We will first explore the constant rates (CR) test of Pybus and Harvey (2000).
1 Reading in a tree
We will use ape ’s read.tree to read in a tree. Start by loading the packages geiger and
ape .
> require(geiger)
> require(ape)
The tree is in a nexus file called "homalops.phy". The methods in this example assume
an ultrametric tree with branch lengths proportional to time.
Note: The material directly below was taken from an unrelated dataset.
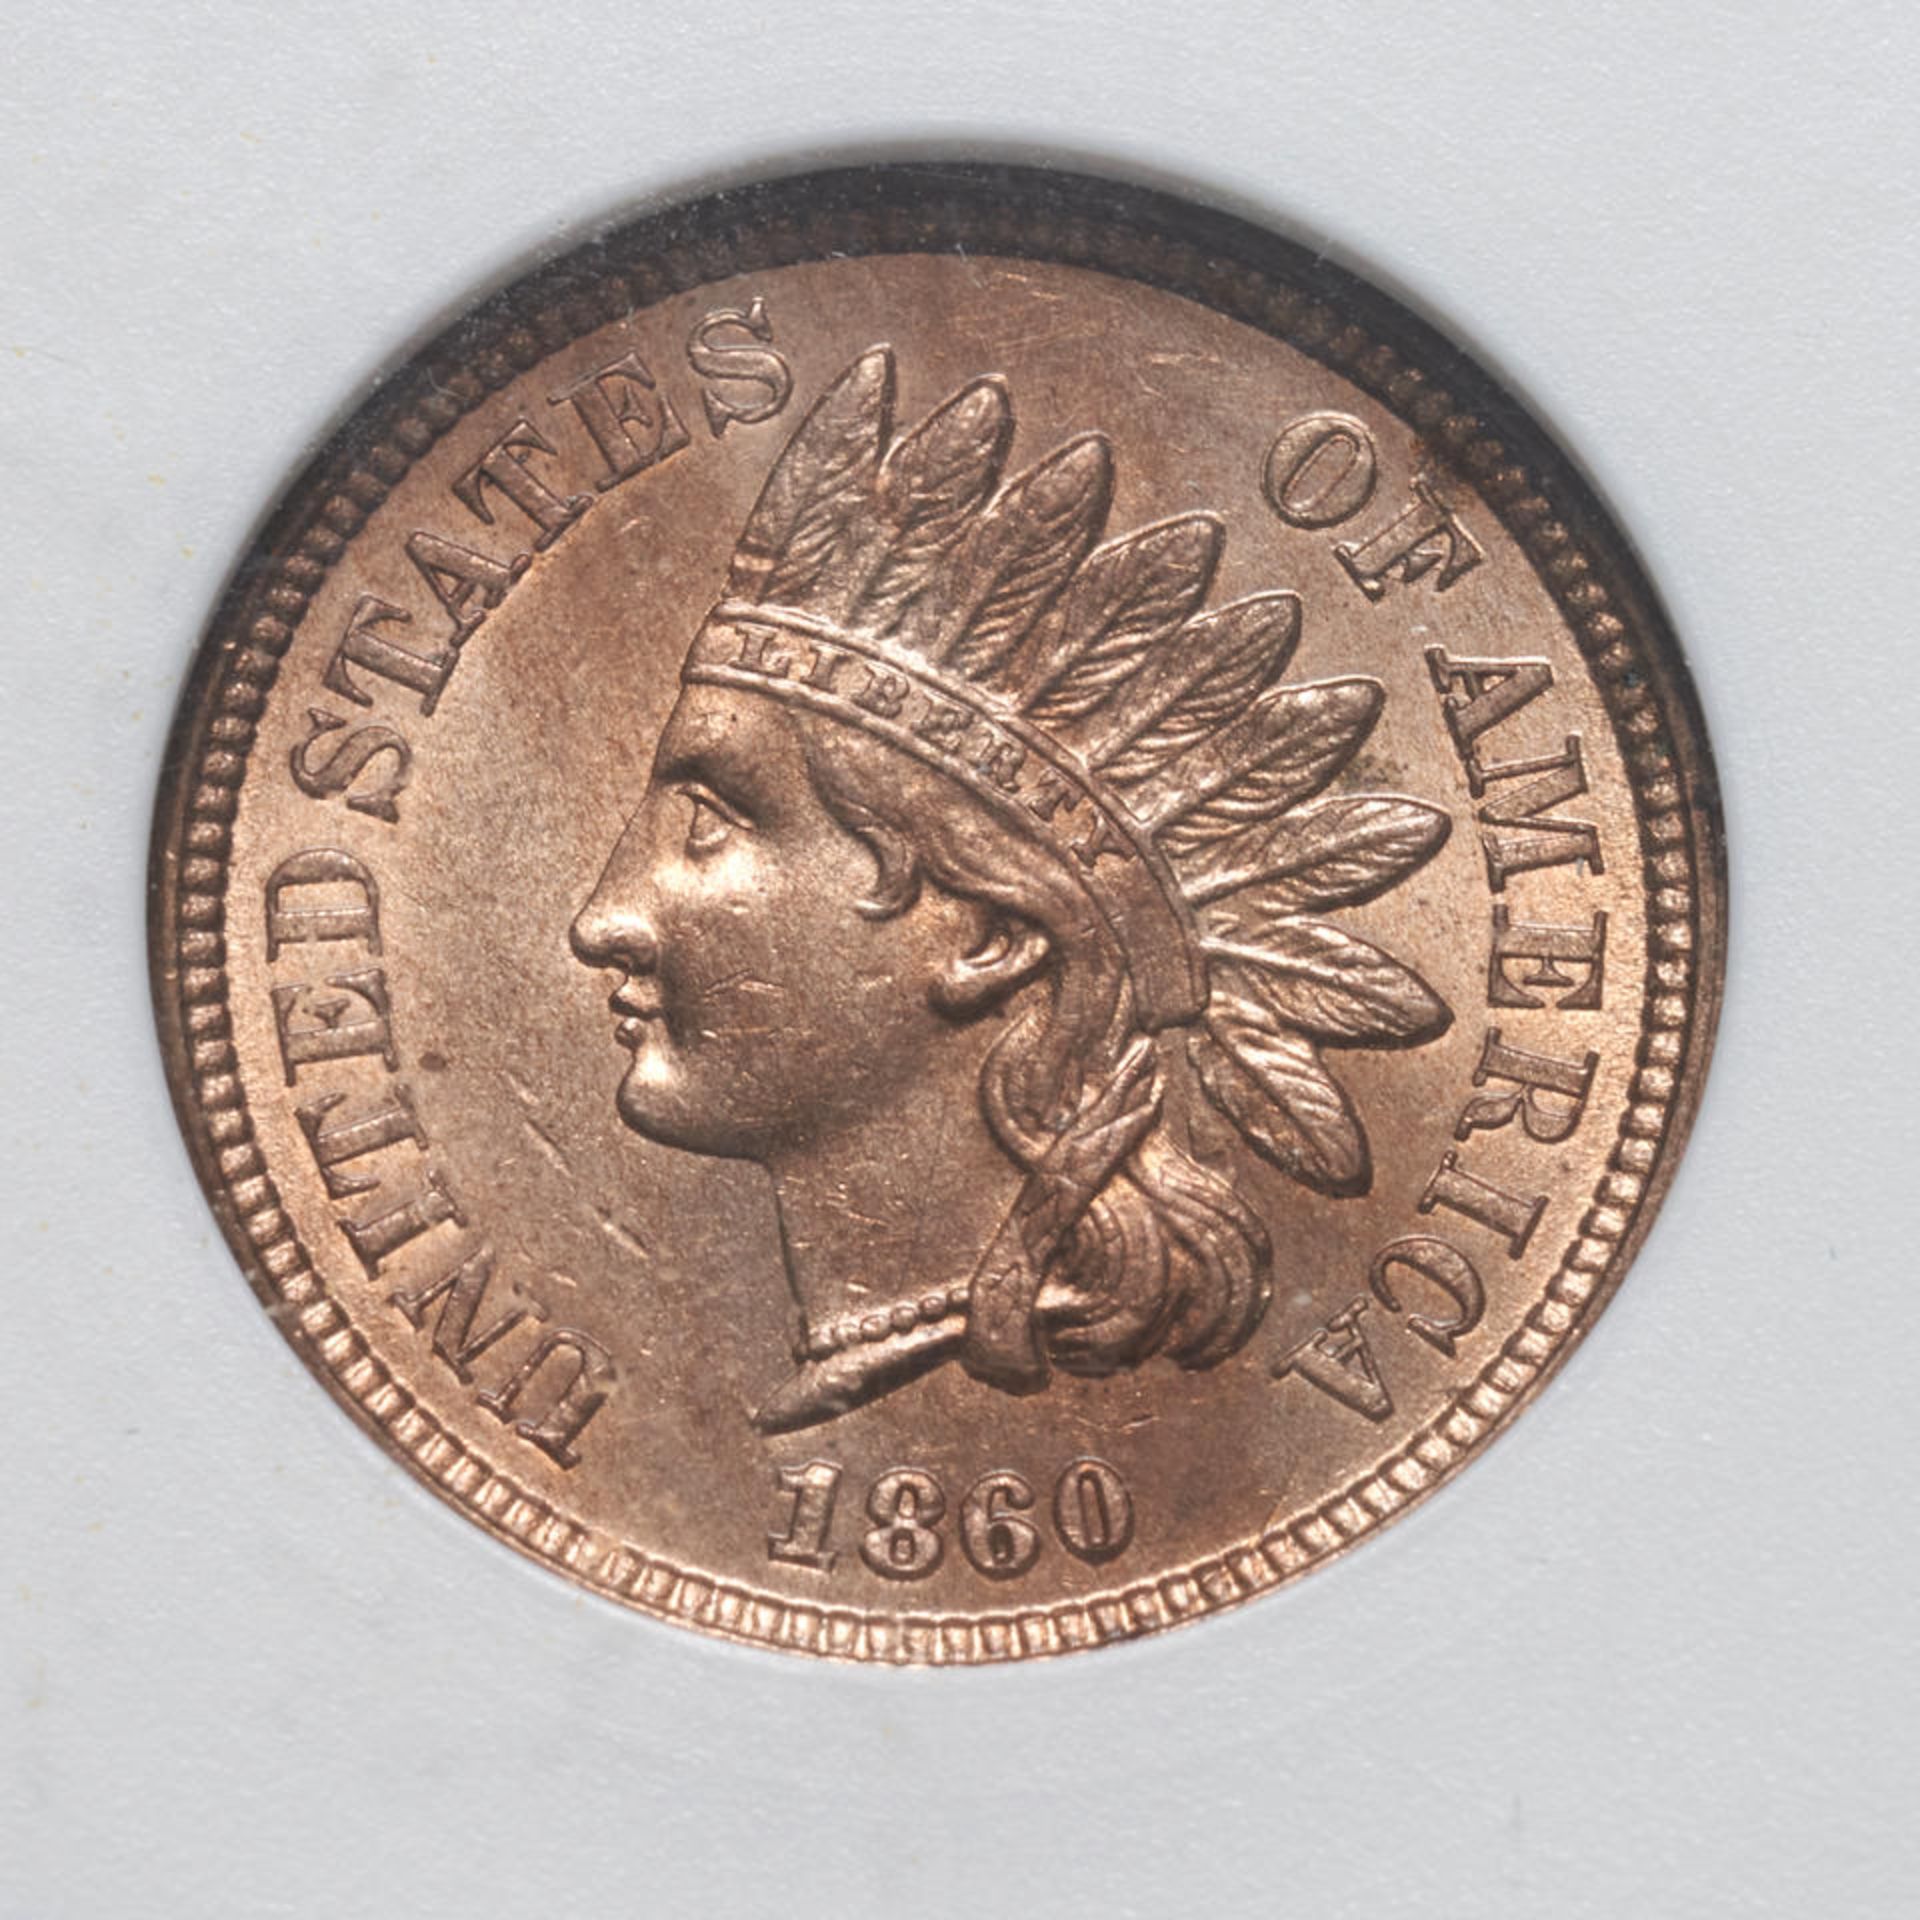 United States Four Indian Head Cents. - Image 6 of 6

Our first step is to read in a
chronogram using the read.tree function in ape
>snake_tree<-read.tree("homalops.phy")
> plot(ladderize(snake_tree))
The ladderize function, also in ape, orders the branches to produce a ladderized tree.
This is generally a good idea as it standardizes the presentation of the topology across
multiple analyses.
2 Calculating the gamma statistic
The gamma statistic (Pybus and Harvey, 2000) describes the average distance of
weighting times from the midpoint of the tree. Negative gamma values indicate that
almost branching events have occured earlier in the tree and positive gamma values
indicate that splits have tended to occur closer to the tips of the tree.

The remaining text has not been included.